Start of GIVEN INFORMATION

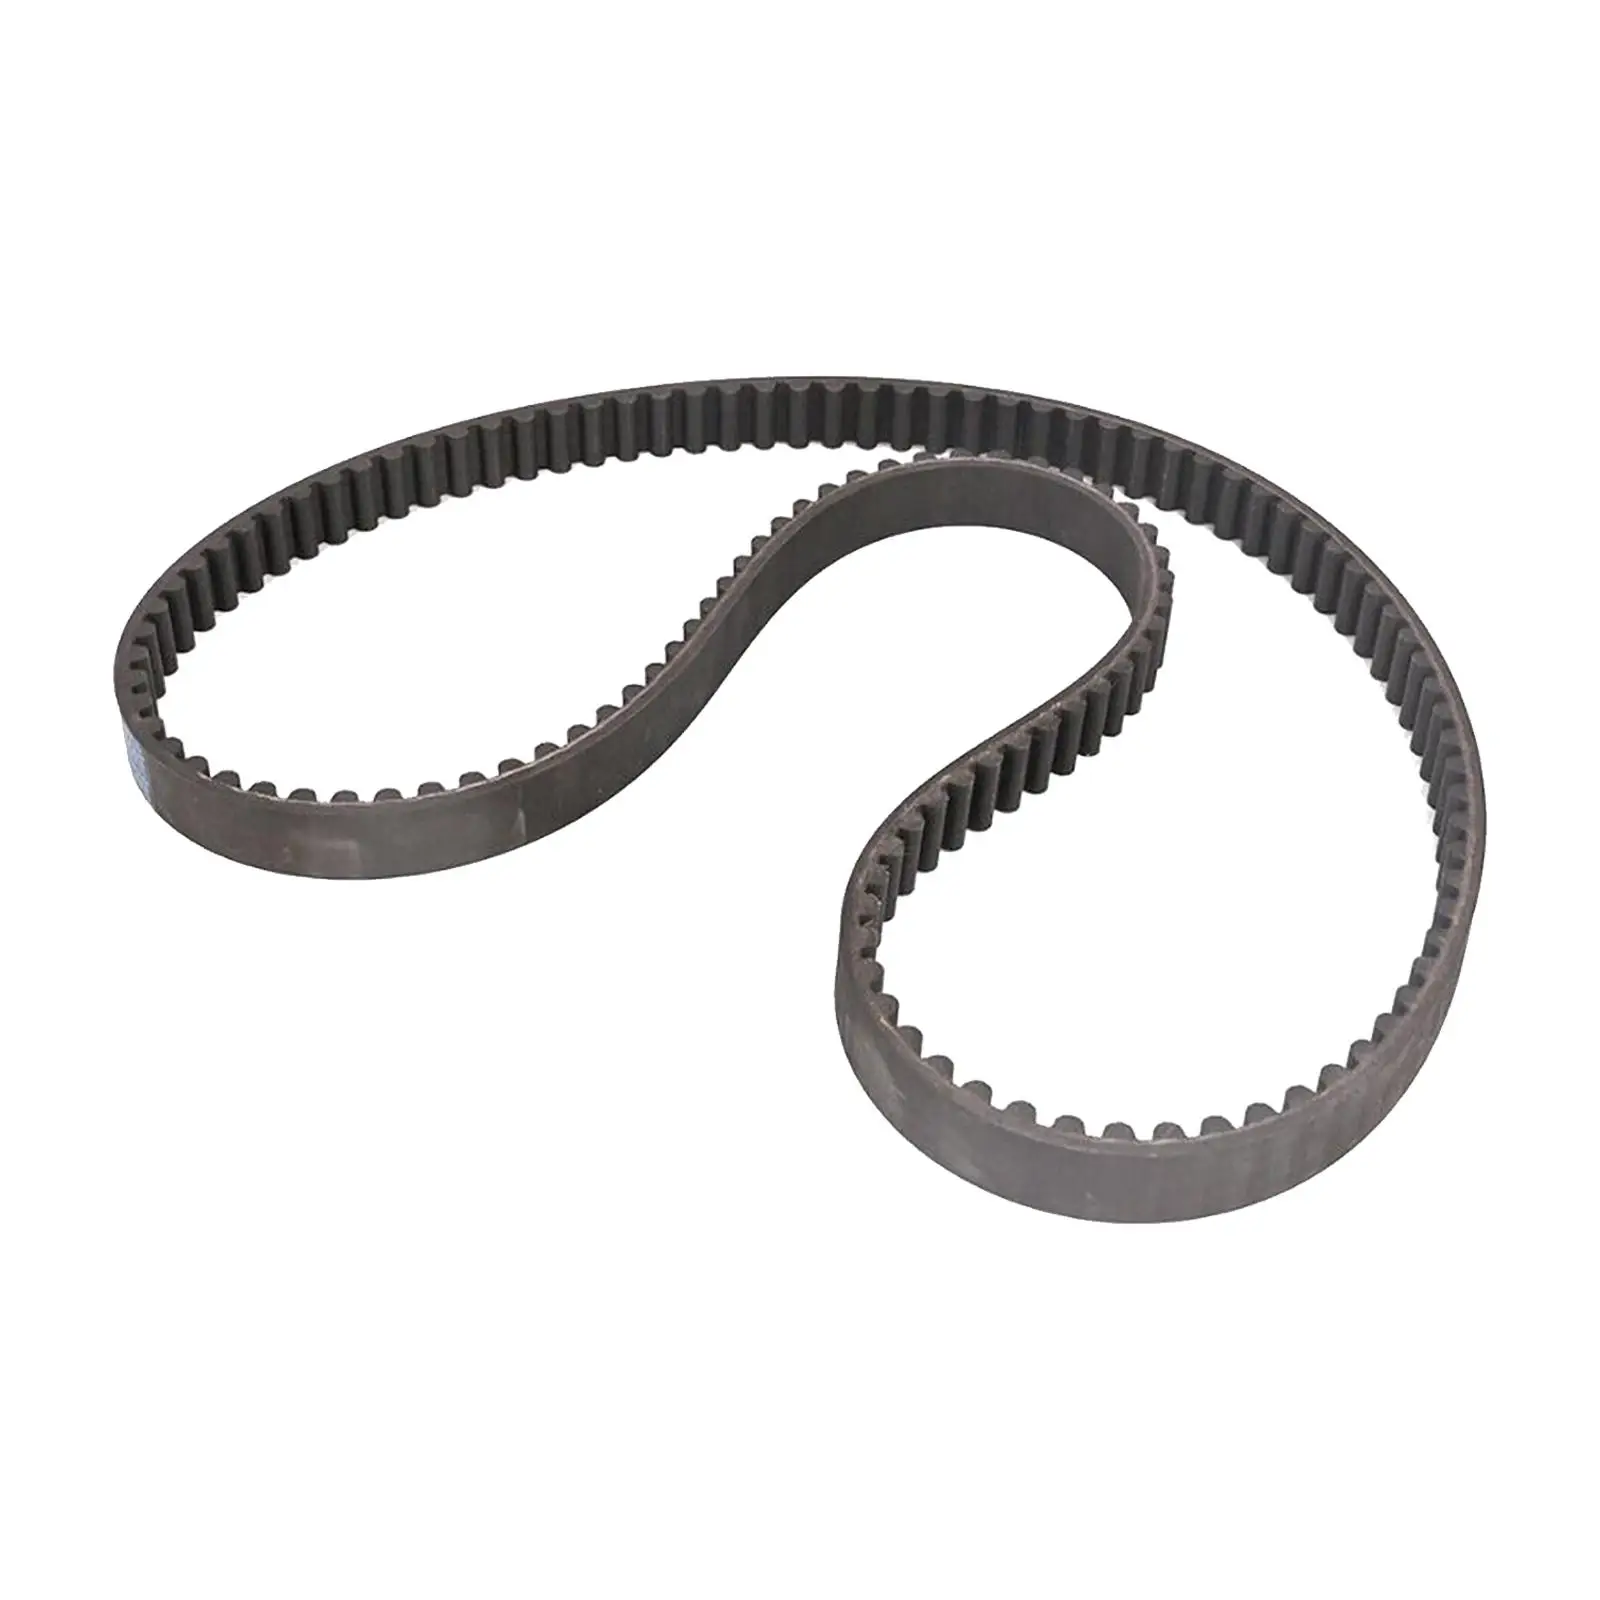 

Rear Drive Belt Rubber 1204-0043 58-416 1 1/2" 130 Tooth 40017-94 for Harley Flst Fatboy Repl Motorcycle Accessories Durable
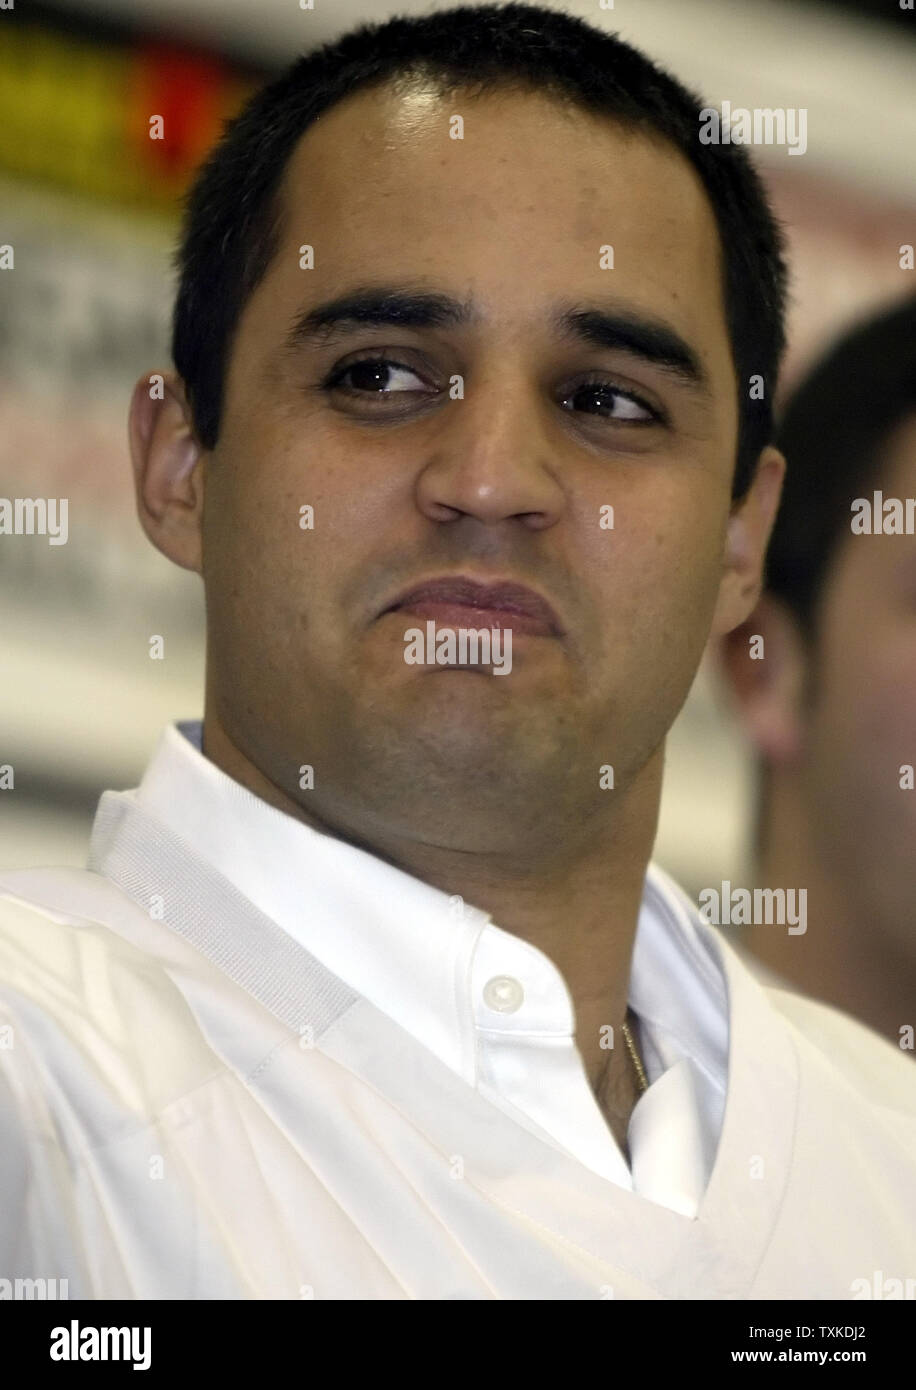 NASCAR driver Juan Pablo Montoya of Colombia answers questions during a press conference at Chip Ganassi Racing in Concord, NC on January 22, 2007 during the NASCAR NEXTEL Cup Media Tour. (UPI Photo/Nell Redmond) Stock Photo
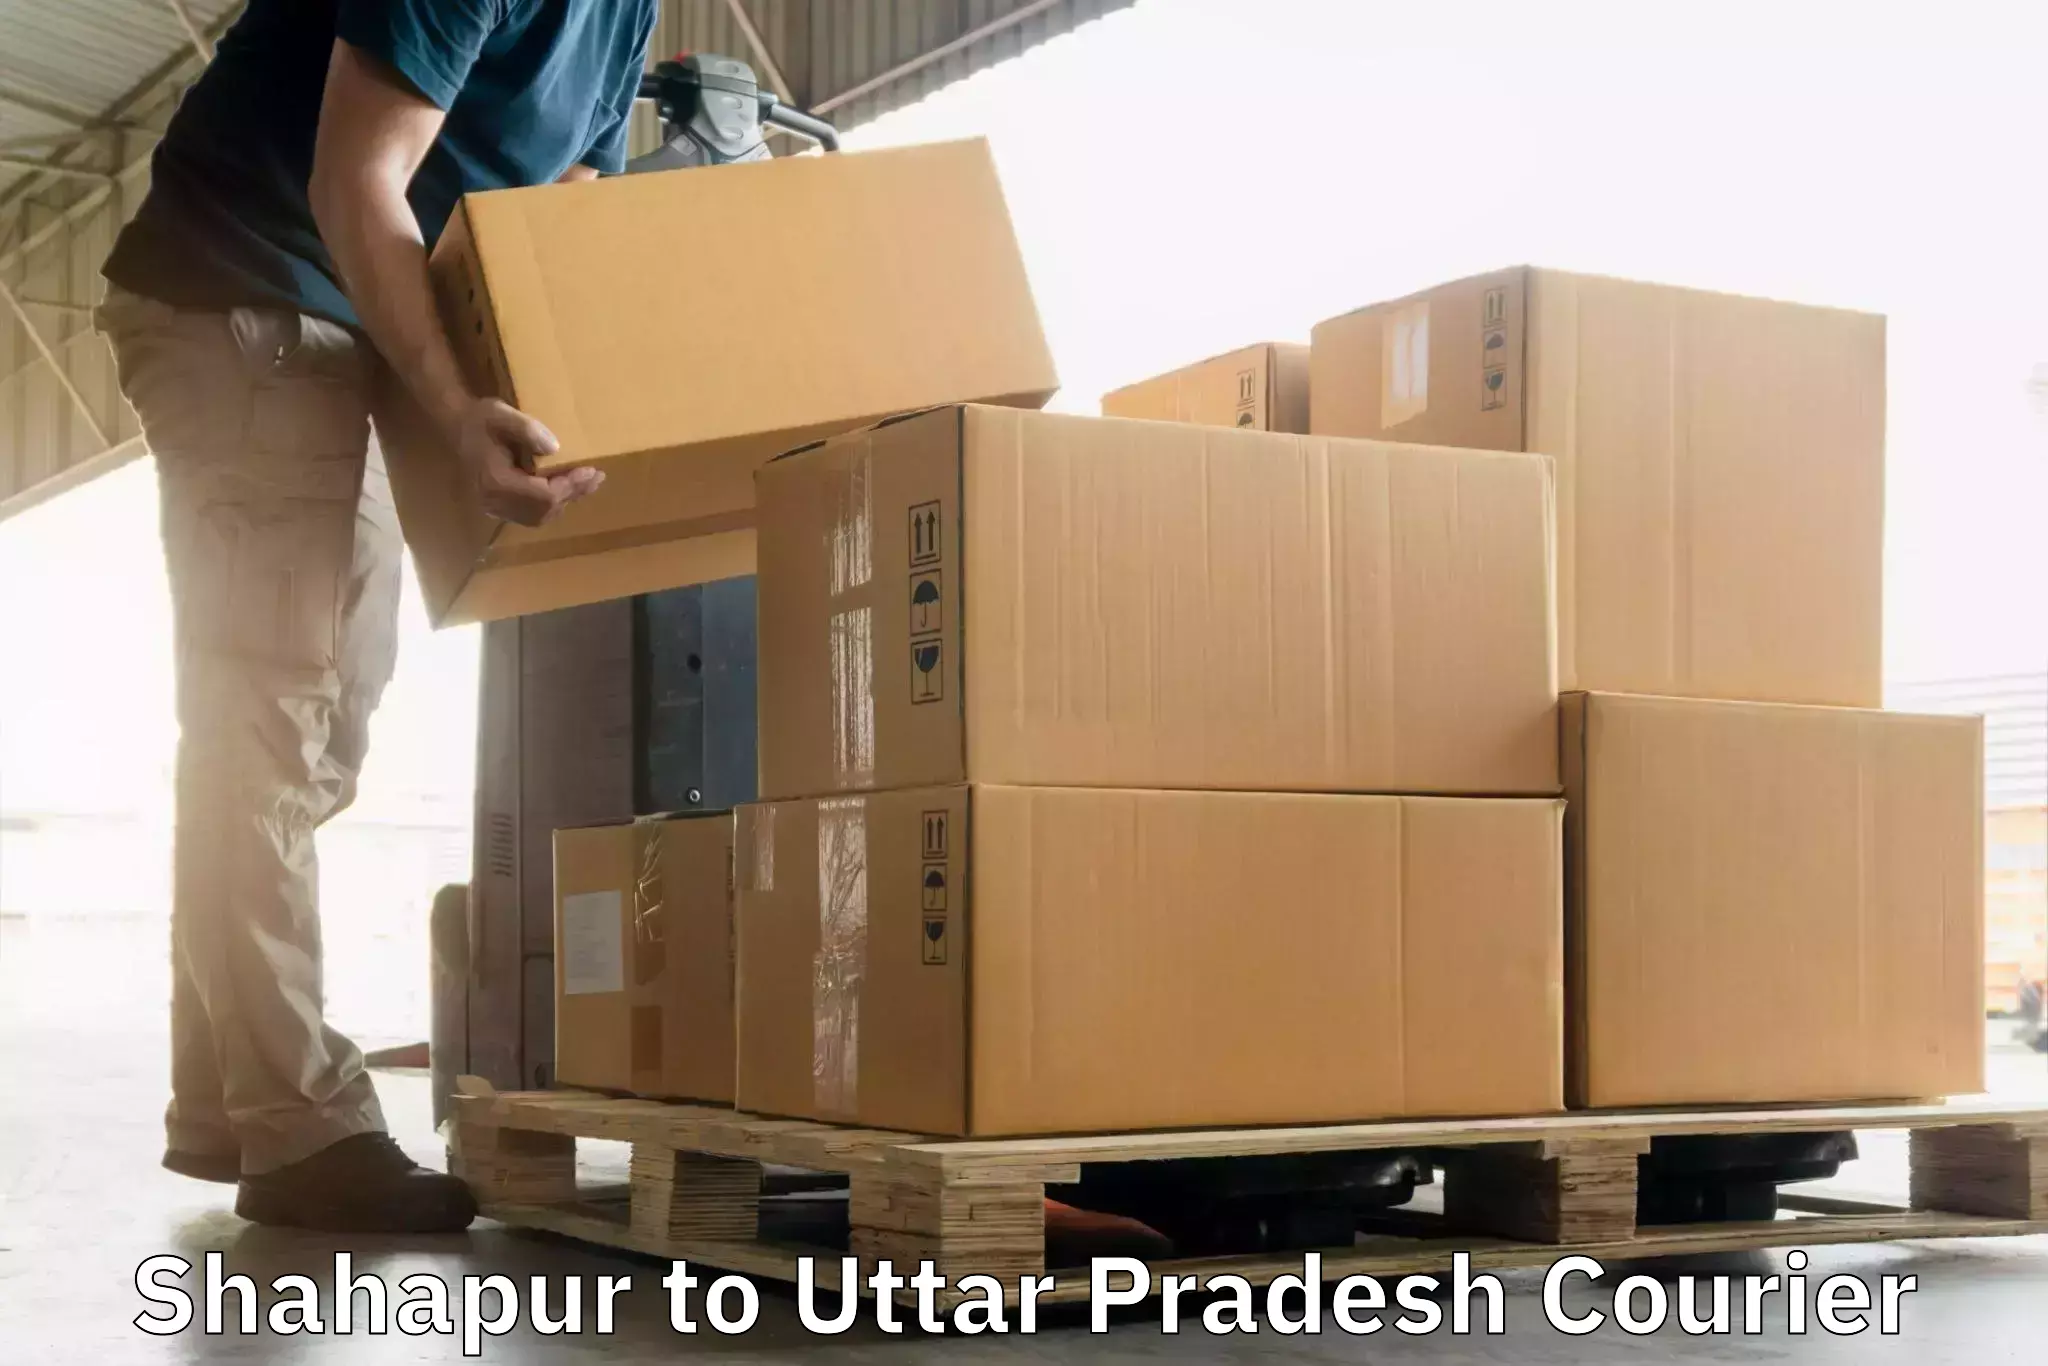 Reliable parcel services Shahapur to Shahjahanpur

End of GIVEN INFORMATION

[TASK REQUIREMENTS]
The full listing, reproduced exactly and without pictures, is the expected output.

[TASK RESPONSE]
Rear Drive Belt Rubber 1204-0043 58-416 1 1/2" 130 Tooth 40017-94 for Harley Flst Fatboy Repl Motorcycle Accessories Durable
 NASCAR driver Juan Pablo Montoya of Colombia answers questions during a press conference at Chip Ganassi Racing in Concord, NC on January 22, 2007 during the NASCAR NEXTEL Cup Media Tour. (UPI Photo/Nell Redmond) Stock Photo
 Reliable parcel services Shahapur to Shahjahanpur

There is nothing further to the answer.